The sheer physical scale of the challenge Duncan has set himself is daunting enough.  But what – inevitably – goes with it has come as a surprise.  The whole point of riding to Geneva,  after all,  is to write a cheque for £10,000 at the end of it. 

 

 “At first,  I assumed that fund-raising would be easy.  It’s not.  Some key people have been really generous,  really supportive,  and even the young apprentices at work have put their hands in their pockets for the Challenge,  but you can stick up a million posters and go on a trillion radio shows and not very much else happens.  I don’t know whether it’s the recession or what but fund-raising from a standing start is really,  really hard.”  Tougher than the Challenge itself?  “Definitely.”

 

As the days begin to lengthen and Exmouth drags itself out of the coldest winter in living memory,  Duncan Biggs is pushing himself harder and harder.  Distances he’d thought impossible just months ago are now a routine part of most evenings.  And a bespoke triathlon still regarded by many as daft is – increasingly – something he looks forward to. 
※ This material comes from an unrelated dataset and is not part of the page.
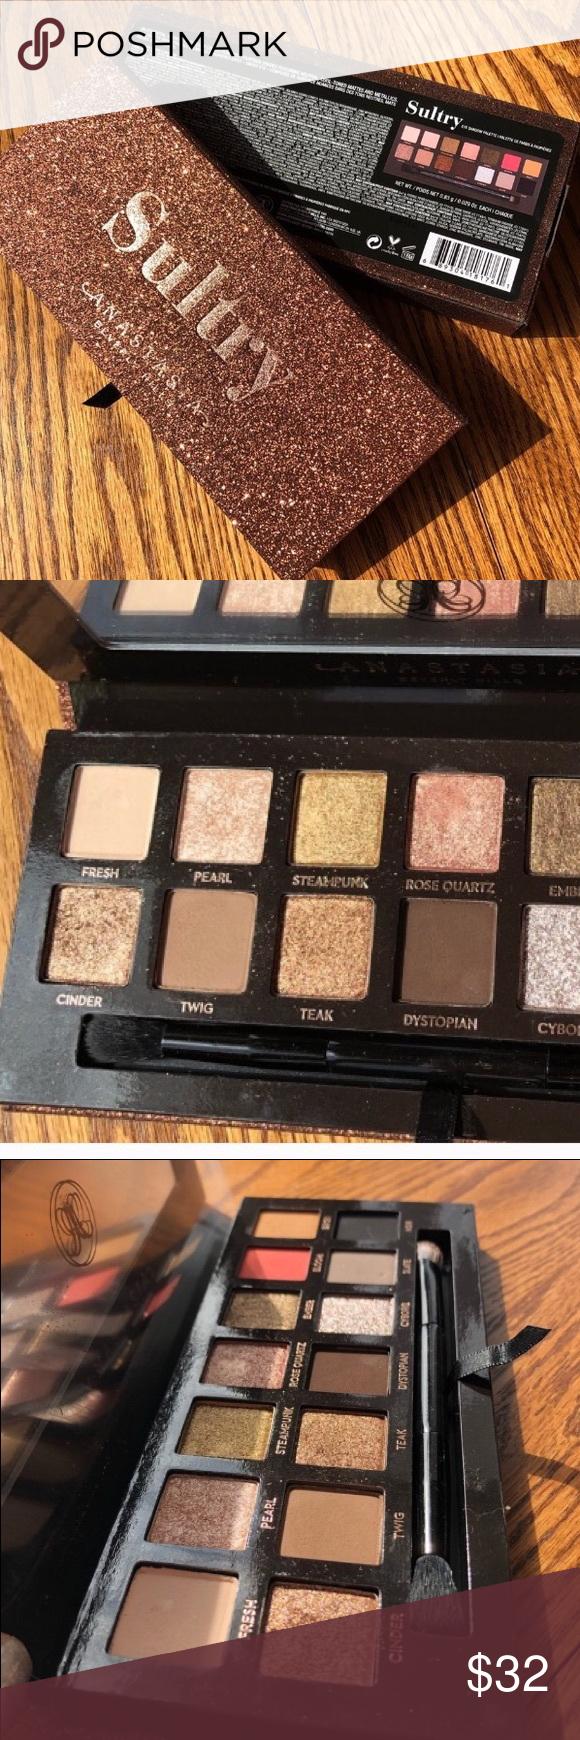 My ISO ️   Sephora makeup, Sephora tan

“You play mind games with yourself”  he says.  “Just now I’m concentrating on getting fitter than I’ve ever been in my entire life.  Cycling to Geneva,  and all the rest of it,  will be just another holiday...with a bit of extra activity thrown in.”

 

So there are never moments when you get a little nervous?  A little daunted about what you’ve taken on? 

He frowns a moment,  then grins.  “Of course there are.”  He says.  “But then I talk to Barbara and after that there’s never a problem.”